IDC Enterprise Intelligence Conceptual Architecture
- Data Plane: Organizes the realities of modern data environments into three primary categories: distributed, diverse, and dynamic data. DBAs and data architects are the personas usually associated with the data plane.
- Data Control Plane: Leverages intelligence about data to take control of modern data environments through governance and engineering. Data engineers, data stewards, and data ops managers are typically involved in this plane.
- Data Analysis Plane: Helps organizations explore, explain, and envision data and insights. Data scientists and data analysts, BI developers, and business analysts work in the data analysis plane.
- Decisioning Plane: Has capabilities that enable decision design, engineering, and orchestration. This plane is the broadest in its use by business decision makers, executives, and even automated decisioning-systems.
Attributes, technologies, and functionality of each plane are described in greater detail in Four Planes of Enterprise Intelligence Architecture: A Conceptual View into the Data Plane, Data Control Plane, Data Analysis Plane, and Decisioning Plane, where they are depicted along with commons services across the planes (e.g. security, monitoring, knowledge management, etc.)
Attributes of the Four Planes of the Enterprise Intelligence Architecture
The four planes are also aligned with personas who must collaborate to achieve common goals rather than only optimize for peak performance within their plane.
Very few vendors address all the planes fully with packaged software, thus one of the considerations in evaluating technology providers and their products is to understand how the vendor moves or evolves within and across planes. Some vendors expand their portfolios and functionality through internal R&D, others do so through acquisitions. Extra caution is warranted when a vendor ‘skips’ a plane. For example, when they have been providing technology for the data plane and expand into the data analysis or decisioning planes. These types of moves are difficult and rarely successful.

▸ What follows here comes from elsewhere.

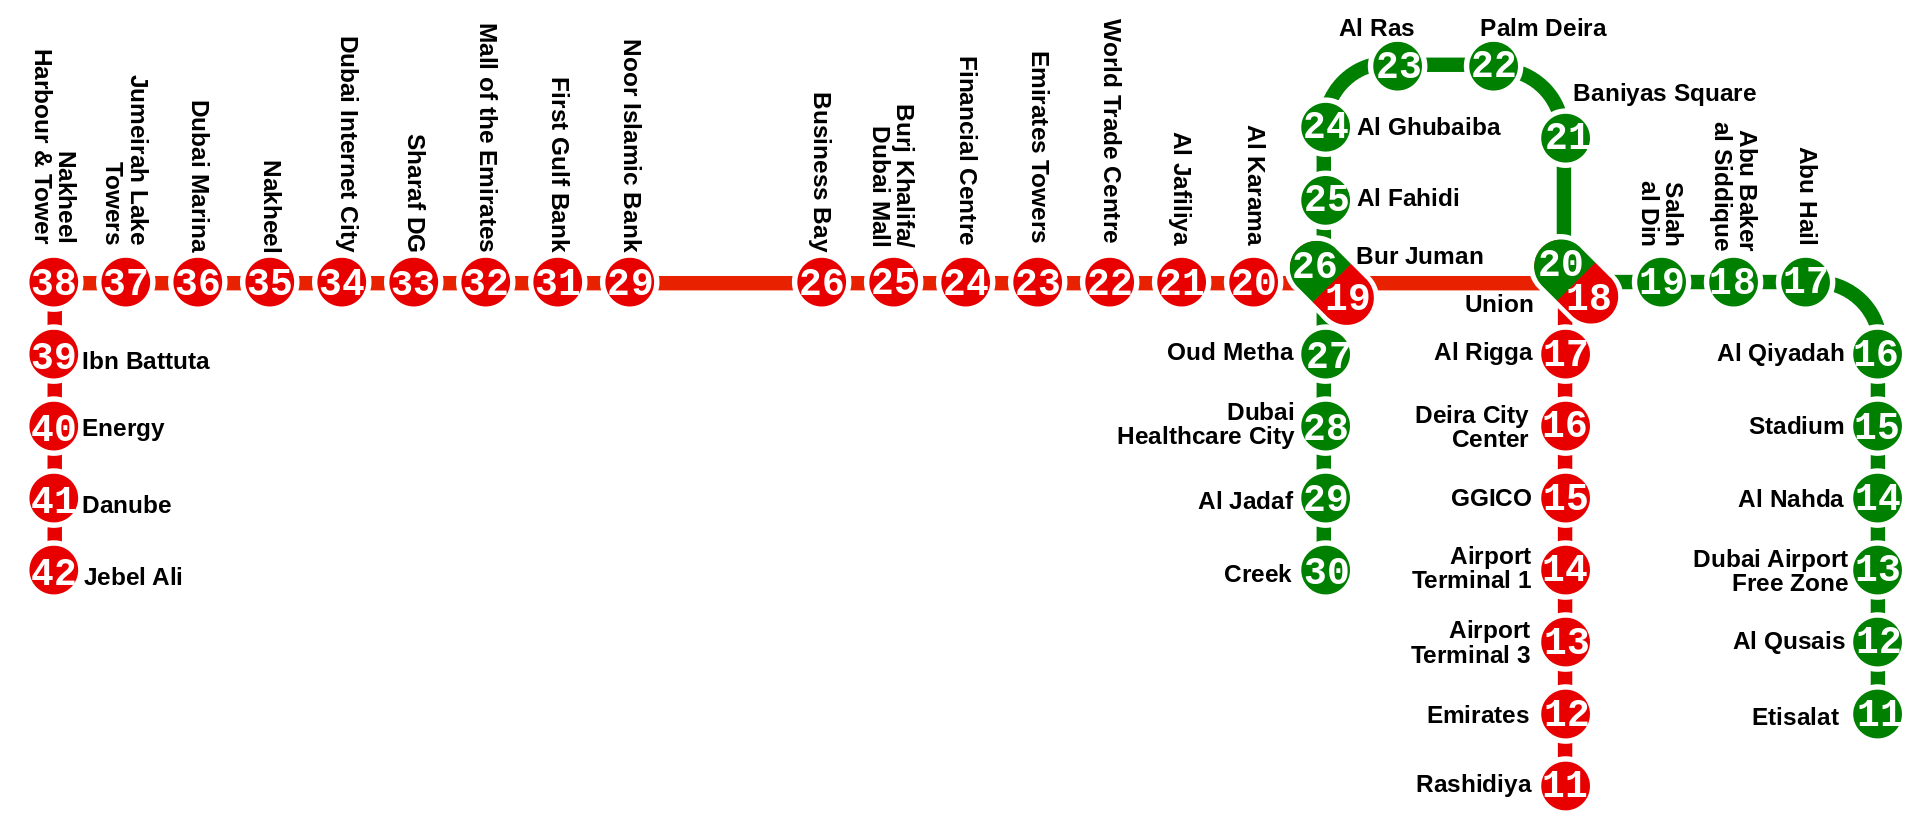 метро дубай на карте со станциями метро

When vendors don’t fully address a plane, customers must substitute a product from another vendor, or develop their own technology – often based on an open-source project, and often focused on immediate needs rather that strategic direction of the enterprise intelligence architecture. Whether integration of multiple software components is intentional or involuntary, it creates overhead and risks due to integration and ongoing maintenance needs. To counter such risks, it’s important to understand the extent to which a vendor’s product provides support of open data and analysis standards.
Focus your organization’s enterprise intelligence strategy to be top-down from the decisioning plane to the data plane. Too many organizations do the opposite and end up with projects resulting in great data management technology solutions that are disconnected from the goal of improving overall enterprise intelligence.